Treatment of uncertainty in hazard analysis is an important area of hazard map development. Depending on the treatment of uncertainties, recent seismic hazard maps are developed for multi-levels of confidence, including high confidence level (median level or 50th percentile) and low confidence level (median plus one standard deviation level or 84th percentile). Seismic hazard maps with low confidence were developed for codes prior to UHS format application. But with the advent of improved modeling techniques and new earthquake information, maps are produced for both confidence levels in recent years, e.g., fourth-generation seismic hazard maps of Canada (Adams and Atkinson 2003). A study on fourth-generation hazard maps for Canada developed by GSC indicates that the ratio of hazard values of 84th percentile to 50th percentile is substantial, ranging from approximately 1.5–3 (Heidebrecht 1997, 1999). On the other hand, lower probability produces larger seismic coefficients.

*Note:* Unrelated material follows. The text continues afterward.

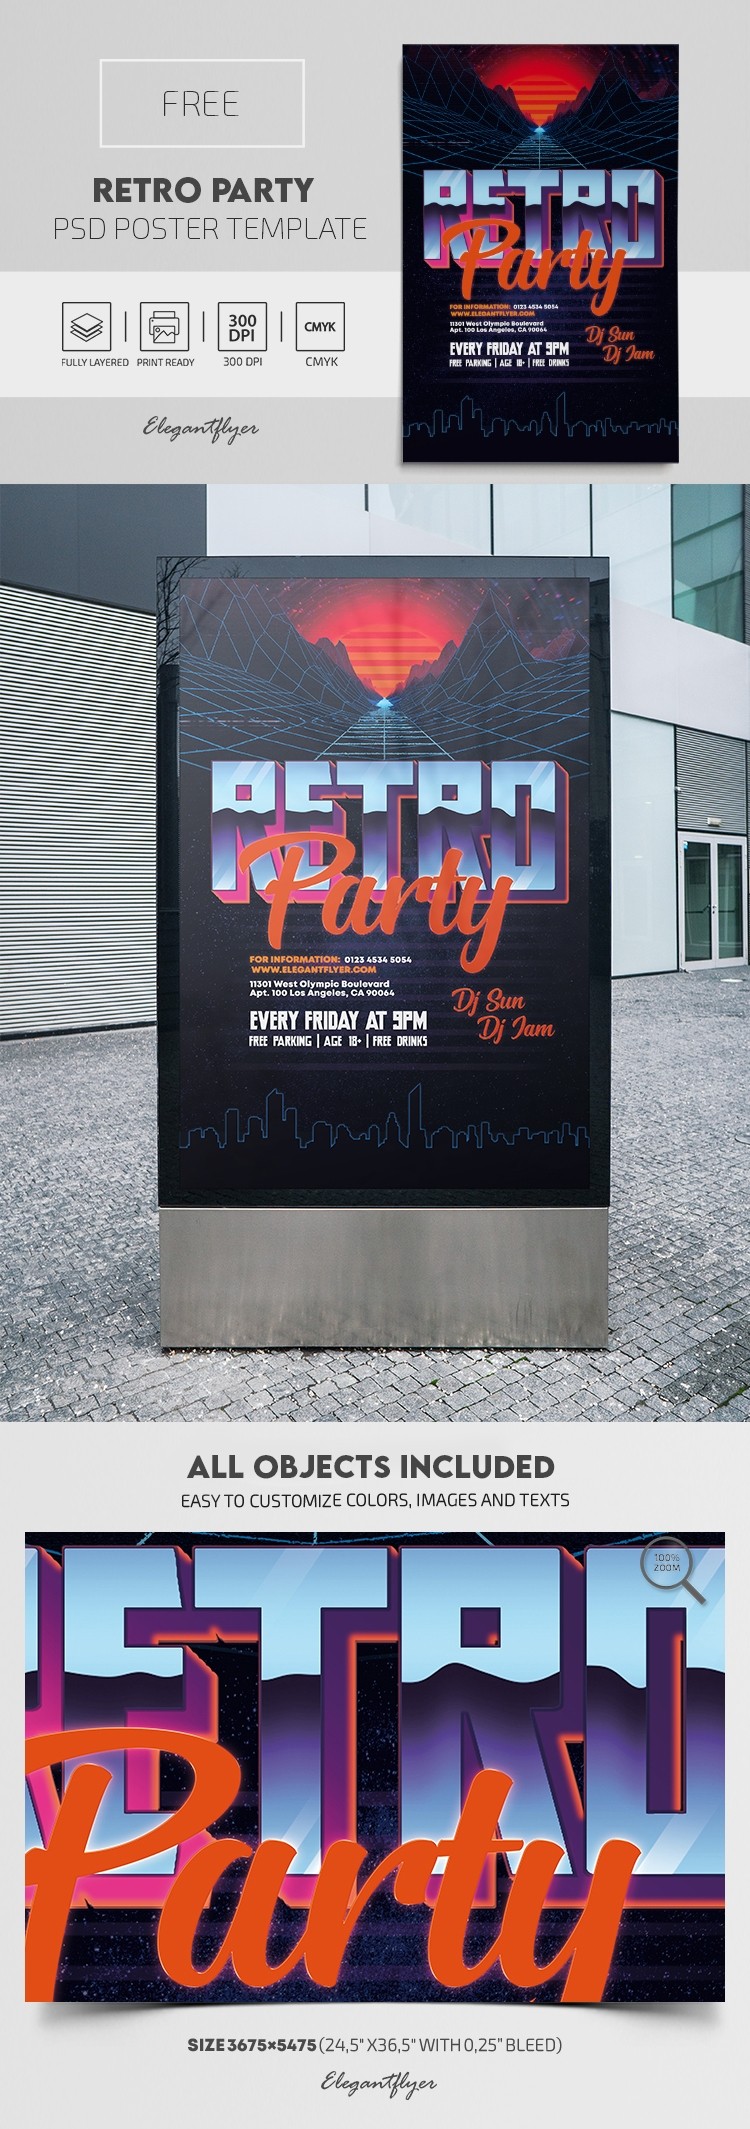 Retro Party Poster by ElegantFlyer

It is therefore important to note that the choice of combination of probability level and confidence level has a significant implication to the final hazard values and eventually to the design earthquake forces. For example, for NBCC (1995) hazard values are computed at 10% in 50-year probability level with 84th percentile confidence level. Had the hazard maps for NBCC (2005) been developed lowering the probability level to 2% in 50 years without changing the confidence level, then there would have been an obvious increase in the hazard values and, therefore, design forces. Since the confidence level has been changed to the 50th percentile level, there seems to be a compensating effect on the eventual hazard values to be estimated from NBCC (2005) provisions. However, general multiplicative factor cannot be deduced from this combination as the spectral formats (i.e., standardized and UHS) are different between the two versions of the code. Adopting fourth-generation seismic hazard maps in UHS format into CHBDC should be viewed, in that perspective and perceived fear of increased design earthquake force is not a straightforward fallout and needs detailed examinations.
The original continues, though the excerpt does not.